At every election-night party I've ever been to, from city council events in someone's living room to giant parties in hotels for US presidential races, there comes that magic moment, the drop moment, when people who really care about the race (campaign managers, eager volunteers, political nerds) gather around a few laptops and smart phones, frantically hitting the refresh button.

That's the moment when they can watch the votes pile in, district by district, and see in real time what voters—those mysterious, unpredictable deep-sea fish—are thinking.

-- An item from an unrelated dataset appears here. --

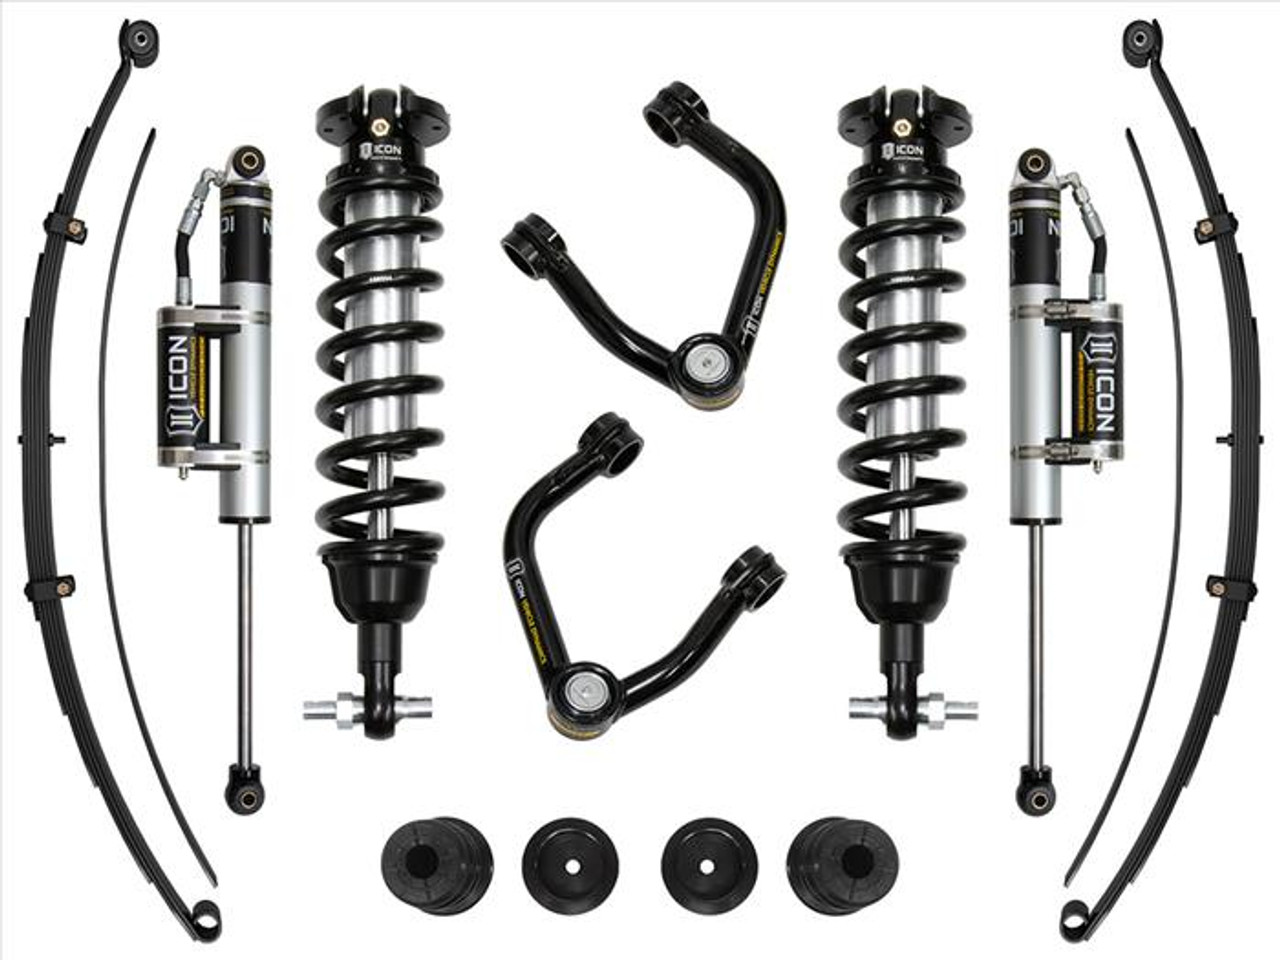 ICON 0-3.5" LIFT STAGE 6 SUSPENTION SYSTEM, TUBULAR UCA AL KNUCKLE for 2019 to 2021 Ford Ranger (K93206TA)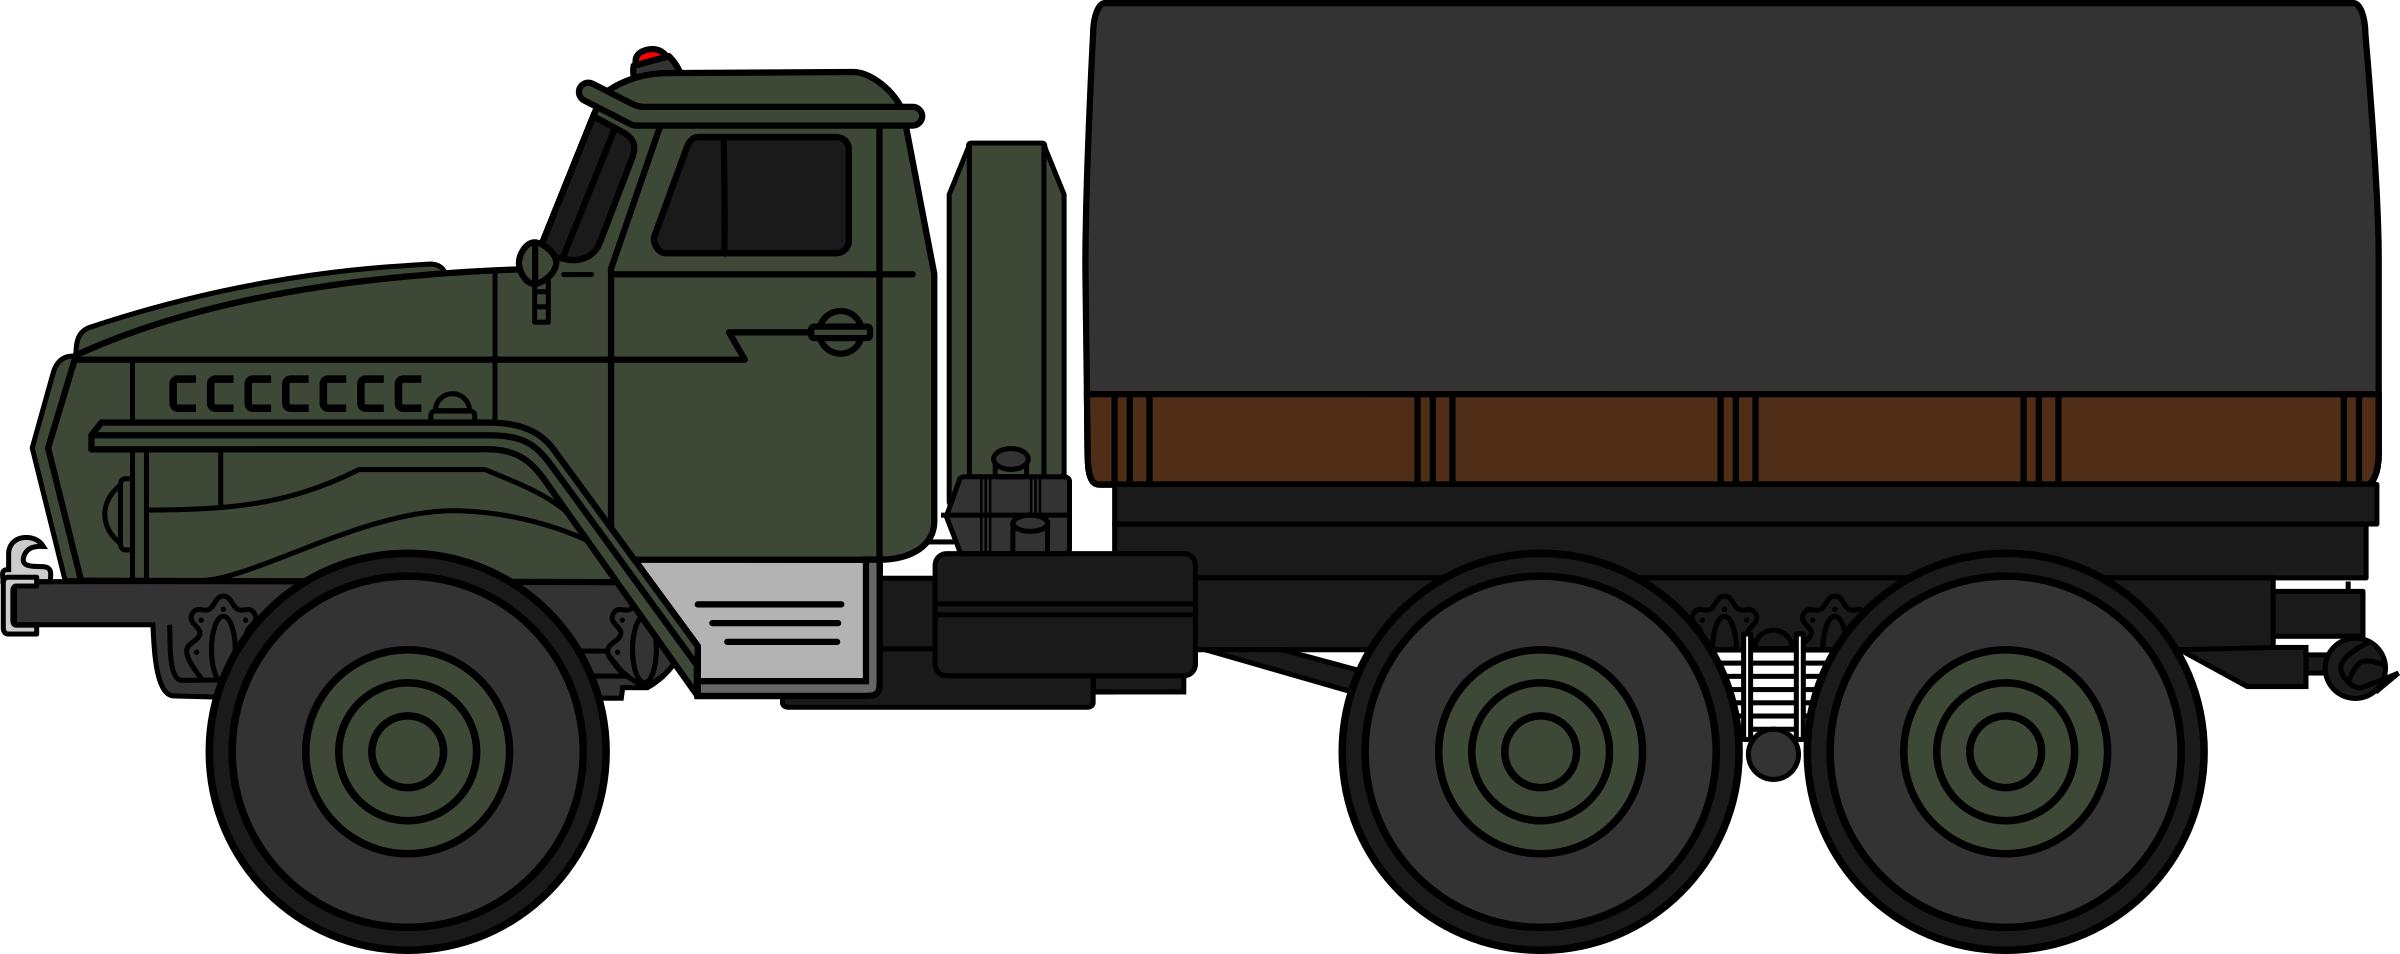 Ural-4320 military truck (coloured) png

Last night, at the election party for Judge Steve Gonzalez, I stood in the hallway outside a banquet room with a Gonzalez supporter. He was a seasoned campaign man with a white beard, glasses, and a knit tie who seemed both encouraged and disheartened: encouraged because Gonzalez was winning statewide, mostly due to a crushing, three-to-one lead in King County, and disheartened because the opponent Bruce Danielson was winning the vast majority of the state's other counties.

Danielson raised approximately $0, barely campaigned, and is far less qualified. (He lost to Gonzalez in a poll of legal professionals in Danielson's home county of Kitsap by something like 90 to 2, Gonzalez said last night.)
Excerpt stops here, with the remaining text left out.